Therefore, a tool assembly in accordance with embodiments disclosed
herein may allow for various configurations of a BHA that may
provide an improved rate of penetration, reduced drilling costs,
and faster drill times.
[0051] FIG. 10 is a schematic of a BHA 333 in accordance with
embodiments of the present disclosure. BHA 333 includes a bit 372,
a rotary steerable system 334, a tool assembly 300, a MWD/LWD tool
339, and a reamer 383. Tool assembly 300 is a tool assembly similar
to that described above with respect to tool assembly 100 in FIGS.
2-7. Specifically, tool assembly 300 is a hydraulically actuated
tool assembly as described above and includes a tubular extending
through the central throughbore of the tool assembly 300 configured
to carry or house an electrical wire or cable. As shown in FIG. 10,
the tool assembly 300 is disposed between a rotary steerable system
334 and a MWD/LWD tool 339. Thus, tool assembly 100 may be
hydraulically actuated from the surface, while the MWD/LWD tool 339
is powered by the rotary steerable system 334. While a MWD/LWD tool
339 is described here, one of ordinary skill in the art will
appreciate that any electrically controlled or actuated tool may be
disposed above the tool assembly 300 and be powered by the rotary
steerable system 334 by an electrical wire or cable extending from
the rotary steerable system 334, through a tubular of the tool
assembly 300, as described above with reference to tool assembly
100 in FIG. 5, and coupled to an electrically controlled or
actuated tool. By providing electrical communication through the
tool assembly 300, the tool assembly 300 may be positioned closer
to the drill bit 372 than in conventional BHAs.

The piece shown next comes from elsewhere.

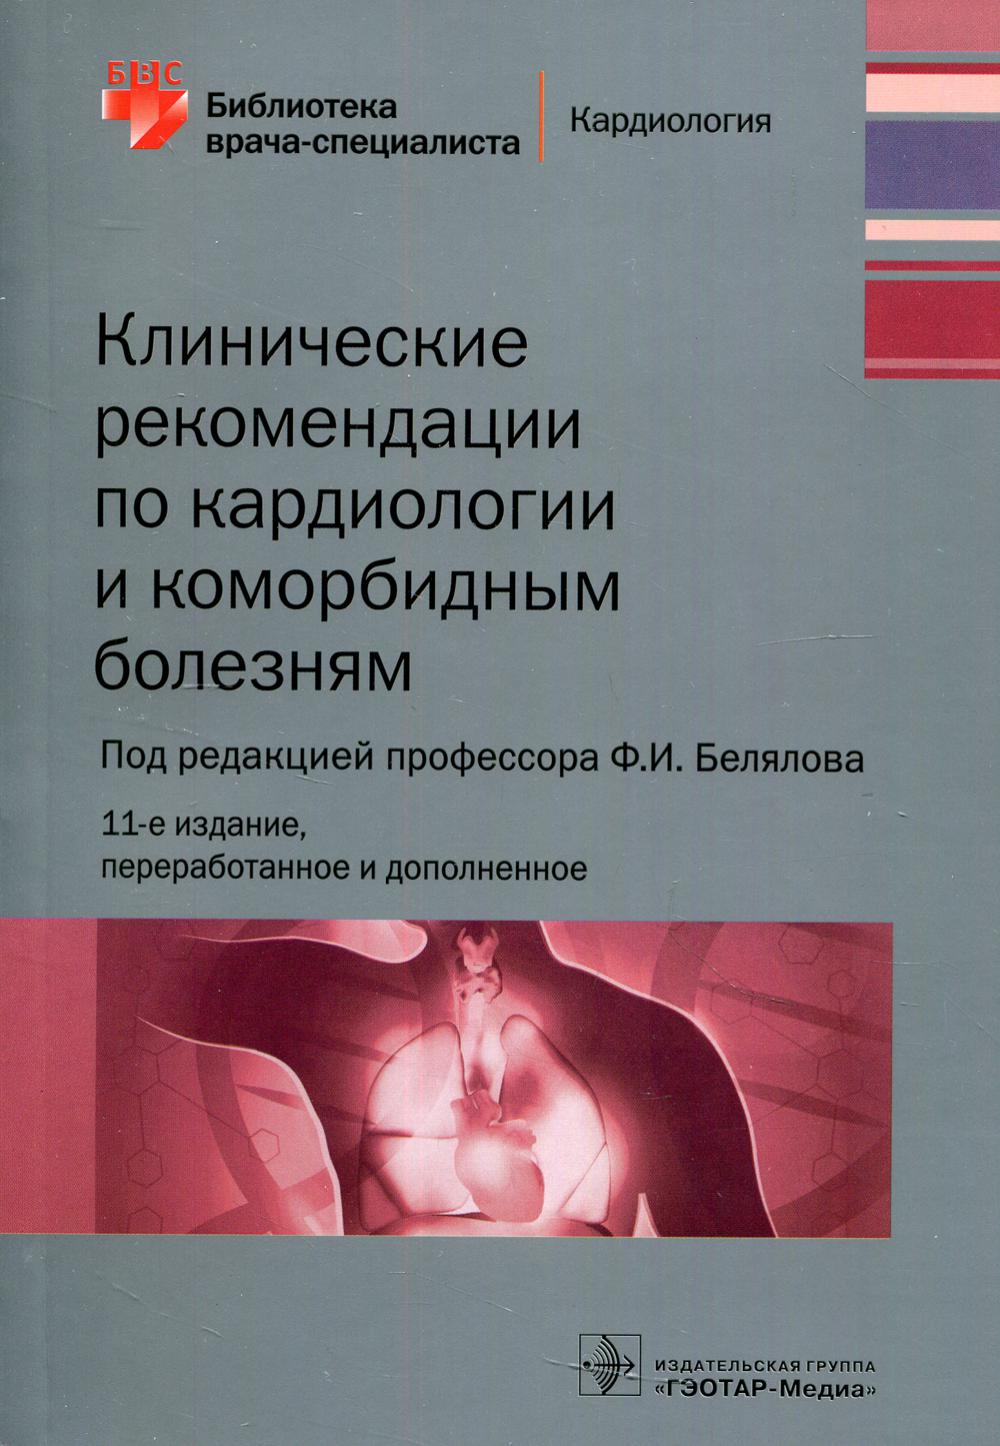 фото Книга клинические рекомендации по кардиологии и коморбидным болезням гэотар-медиа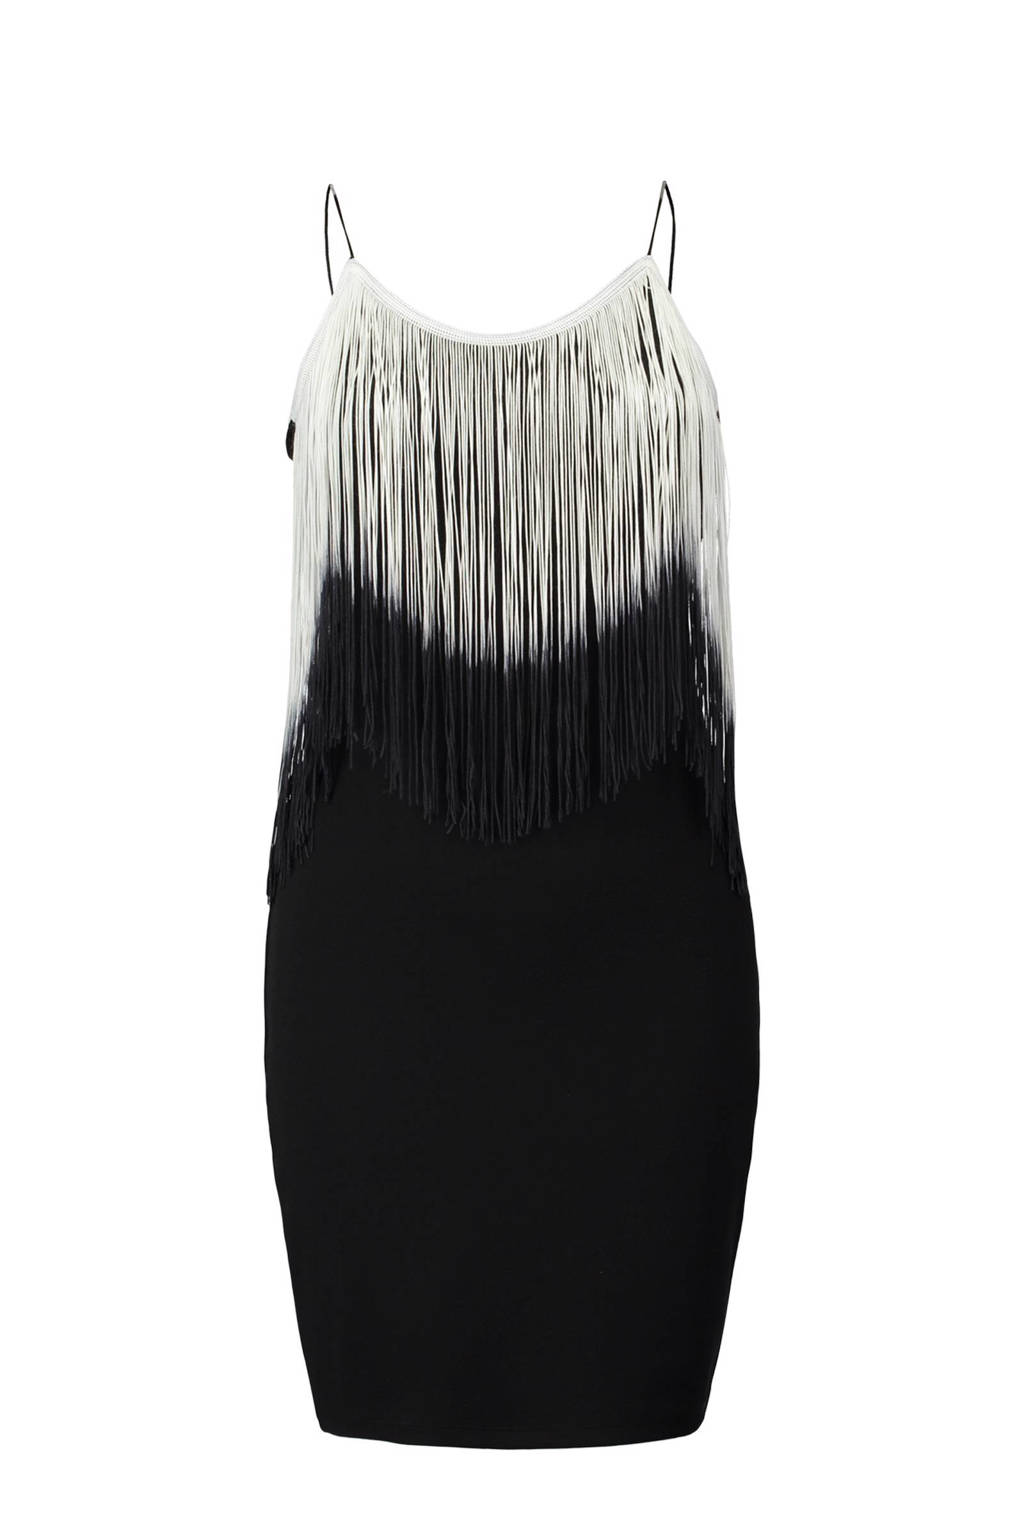 brandwonden Ziektecijfers vinger CoolCat jurk met franje zwart | wehkamp

[0052] For example, in one embodiment, the tool assembly 300 of
FIG. 10 may be a hydraulically actuated reamer. Because the tool
assembly 300 provides for electrical communication through the tool
assembly 300, the tool assembly 300 may provide for reaming of the
wellbore at an axial location above the drill bit 372 and below the
MWD/LWD tool 339 (or other electrically controlled and/or actuated
tool).
[0053] In one embodiment, BHA 333 of FIG. 10 may be used for hole
enlargement while drilling (HEWD) applications. HEWD applications
may use concentric expandable underreamers housed in a conventional
BHA configuration with a rotary steerable system and an underreamer
placed above the MWD/LWD tool. HEWD applications using a BHA with
an underreamer above the rotary steerable system and the MWD/LWD
tool results in the creation of a long, un-enlarged section of the
borehole, known as a "rathole," between the drill bit and the
underreamer at a total depth. The rathole can range between, for
example, 100 feet and 200 feet in length. Setting an appropriate
casing depth and landing a liner hanger package may be complicated
with a lengthy rathole. If a liner is run after a drilling
operation, the length of the rathole is a factor in determining the
distance between a liner shoe and a liner hanger setting depth. A
rathole may also complicate cementing operations because the
equivalent circulating density (ECD) during cementing while
circulating around the casing shoe may increase in the rathole due
to a reduced annular clearance between the casing and the borehole.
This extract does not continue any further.